May 17, 2019
The Majlis passed legislation May 12 to grant citizenship to children born to Iranian mothers with foreign fathers.
The legislation must still be approved by the Council of Guardians, which determines whether legislation meets the standards of the Constitution and of Sharia law.
Until now, citizenship has been passed to children only through fathers. An Iranian woman living in the United States, for example, who married a non-Iranian man could not register her children as Iranian citizens under Iranian law.
The new citizenship law was passed in the 290-seat Majlis by a vote of 188-to-20 with three abstentions.
The legislation was billed by its sponsors as a major breakthrough in women’s rights by giving women equal status with men in passing on citizenship.

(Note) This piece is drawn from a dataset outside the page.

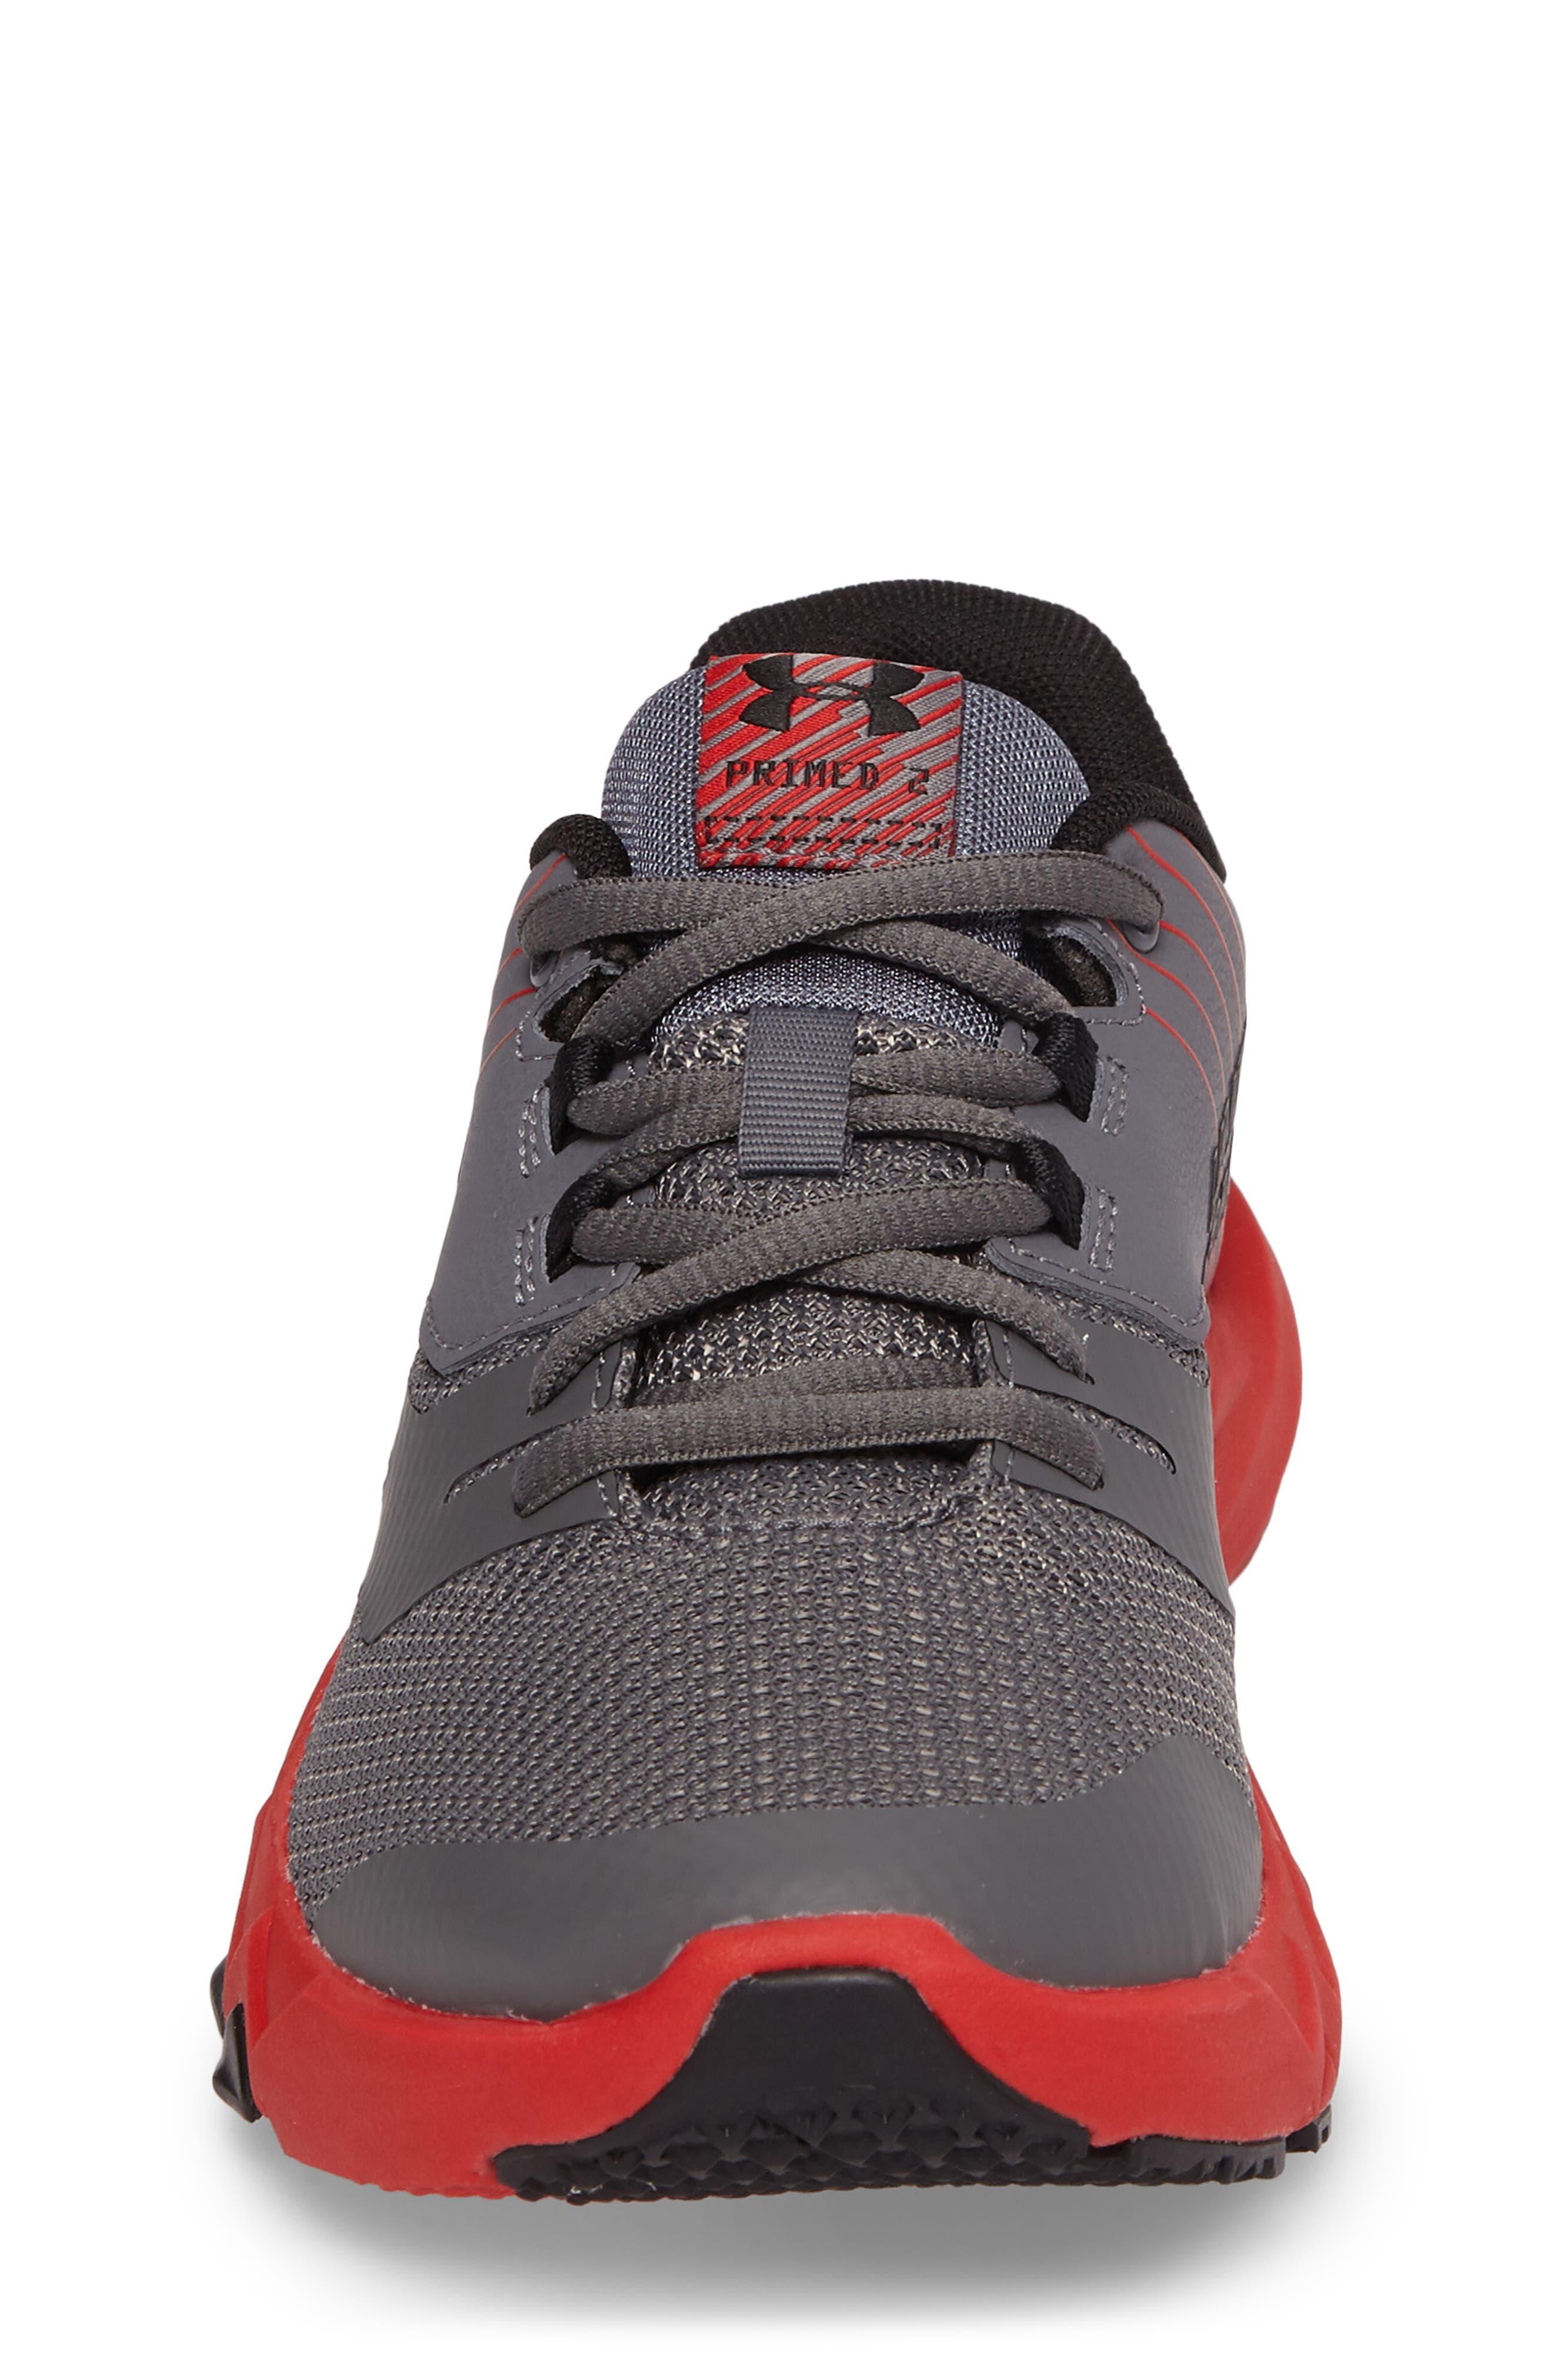 Grade School Primed 2 Running Shoe,                             Alternate thumbnail 4, color,                             Graphite/ Red/ Black

It isn’t known how many offspring of Iranian mothers stand to benefit from the new law. The primary benefit, however, is expected to go to the children of Iranian women living in Iran who have married Afghan men. Those children are treated as foreigners and do not enjoy equal rights with others in Iran
The impetus for the bill, however, was Maryam Mirza-khani, the Tehran-born mathematician who won the prestigious Fields Metal for math, but died soon thereafter of cancer at the age of 40. She held US citizenship and was married to a Czech, so her nine-year-old daughter did not qualify for Iranian citizenship.
That prompted calls for a change in the law. The Majlis passed the new citizenship law on Mirzakhani’s birthday.